Ia menggigit bibirnya, menahan isak, namun tubuhnya bergetar.

Ia terisak, bahunya terguncang, dadanya sesak menahan kenyataan yang tak kunjung memberinya ruang bernapas.

Nasib buruk seolah tak pernah menjauh.

Ayahnya. pria yang seharusnya menjadi pelindung, justru adalah luka paling pertama yang ia kenal. Seumur hidup, Nayla hanya mengenal ayahnya sebagai seorang pemabuk. Seorang penjudi. Pria egois yang tak segan main tangan kepada istrinya sendiri hanya karena tak diberi uang untuk taruhan.

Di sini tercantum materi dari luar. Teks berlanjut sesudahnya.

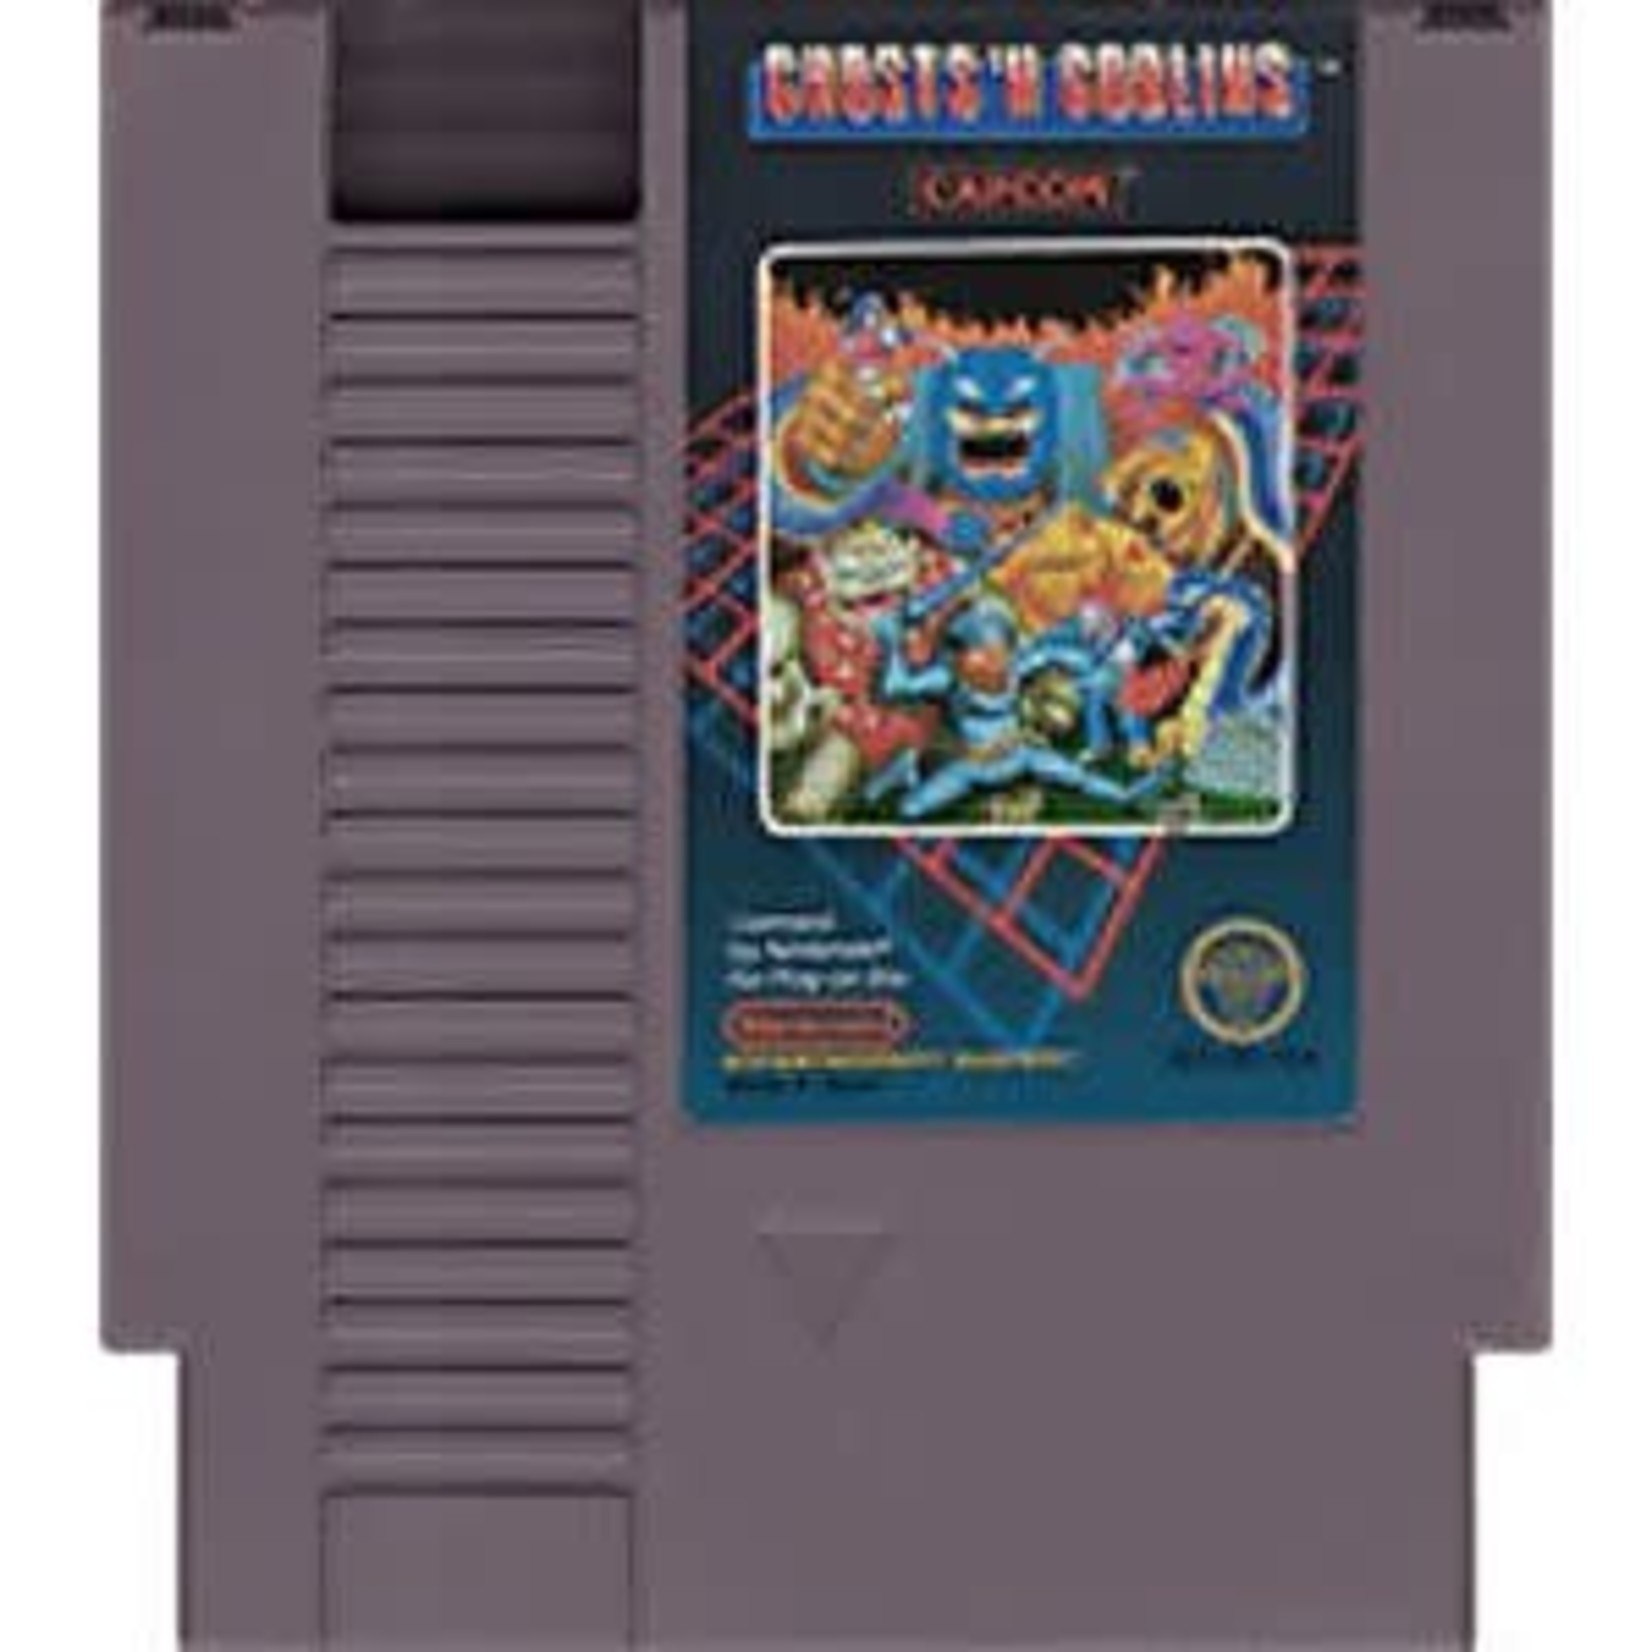 Ghosts 'n Goblins (NES)

Malam-malam masa kecilnya dipenuhi suara benda pecah dan tangis ibunya yang dibanting ke lantai.

Ibunya. wanita rapuh yang tubuhnya semakin hari semakin menipis oleh penyakit dan tekanan hidup yang tak pernah usai. Nafasnya pendek, kulitnya pucat, dan wajahnya selalu mencoba tersenyum di depan anak-anaknya meski seluruh tubuhnya memohon untuk menyerah.

Dan adik-adiknya… dua anak kecil yang belum tahu arti dosa, tapi sudah dicekik oleh lapar setiap hari. Mereka menangis dalam diam, memegangi perut kosong sambil menatap piring yang tak pernah terisi. Kadang hanya air putih hangat yang bisa meredam tangisan mereka.

Nayla menarik napas panjang. Namun rasanya malah menyakitkan.

Karena di antara semua itu… dia sendiri harus memikul beban paling busuk dari semuanya.

Ia. seorang gadis yang terpaksa menjual harga dirinya sendiri. Menjual tubuhnya. Martabatnya. Sekeping kehormatan yang mestinya dijaga, hancur demi sesuap nasi. Demi membeli obat untuk ibu. Demi membeli sebungkus roti untuk adik-adiknya. Demi bertahan.

Bukan karena ia mau.

Tapi karena dunia tak memberinya pilihan lain.

Dan kini, sebagai tambahan dari semua luka itu… ia pun harus menghadapi kenyataan lain.

Ia diskors dari sekolah. Tempat satu-satunya yang dulu ia anggap sebagai jalan keluar dari neraka hidupnya. Tempat ia menaruh harapan, yang kini justru mengusirnya dengan tuduhan, fitnah, dan kebencian.

“Sebentar saja…” ucapnya lirih. “Sebentar saja aku ingin merasa tenang…”

Tapi bahkan permintaan sederhana itu pun terdengar terlalu mewah.

Tangannya naik, mengusap paksa pipinya yang basah, seolah ingin menghapus segalanya.

“Sial.”

Umpatannya keluar lirih namun penuh racun.

Ia berhenti berjalan, memandang ke langit hitam di atas kepala. Tapi langit pun tak menatapnya kembali. Dunia menutup mata. Semesta menutup telinga. Dan ia hanya seorang gadis yang hancur, berdiri sendirian di trotoar, menggenggam sisa-sisa dirinya yang mulai retak.

“Mau menangis dan berteriak sekalipun… tidak akan mengubah keadaan.”

Itulah kenyataan paling pahit. Dan ia mengulangnya dalam hati seperti mantra kutukan.

...

Nayla akhirnya tiba di depan kontrakan kumuh itu. Rumah kecil yang meskipun reyot, selalu menyimpan kehangatan dari seorang ibu yang lembut, yang selalu menyambutnya dengan senyum meski dalam sakit, meski dalam lapar.

Tapi malam ini berbeda.

Ia tertegun melihat ibunya duduk di teras depan. Bukan dalam posisi lunglai seperti biasanya. Tapi duduk tegak, dengan wajah yang sulit diartikan. Wajah yang tak menampakkan kasih sayang, tak memancarkan kelembutan seperti biasanya. Wajah itu dingin. Datar. Bahkan tampak menakutkan.

“Assalamu’alaikum, Bu…” Nayla menyapa lirih, suaranya nyaris bergetar.

Ia melangkah pelan, mencoba meraih tangan ibunya untuk menciumnya, seperti kebiasaan yang selalu ia lakukan sejak kecil. Namun tangan itu ditarik. Ditepis. Seolah menyentuhnya saja kini menjadi najis.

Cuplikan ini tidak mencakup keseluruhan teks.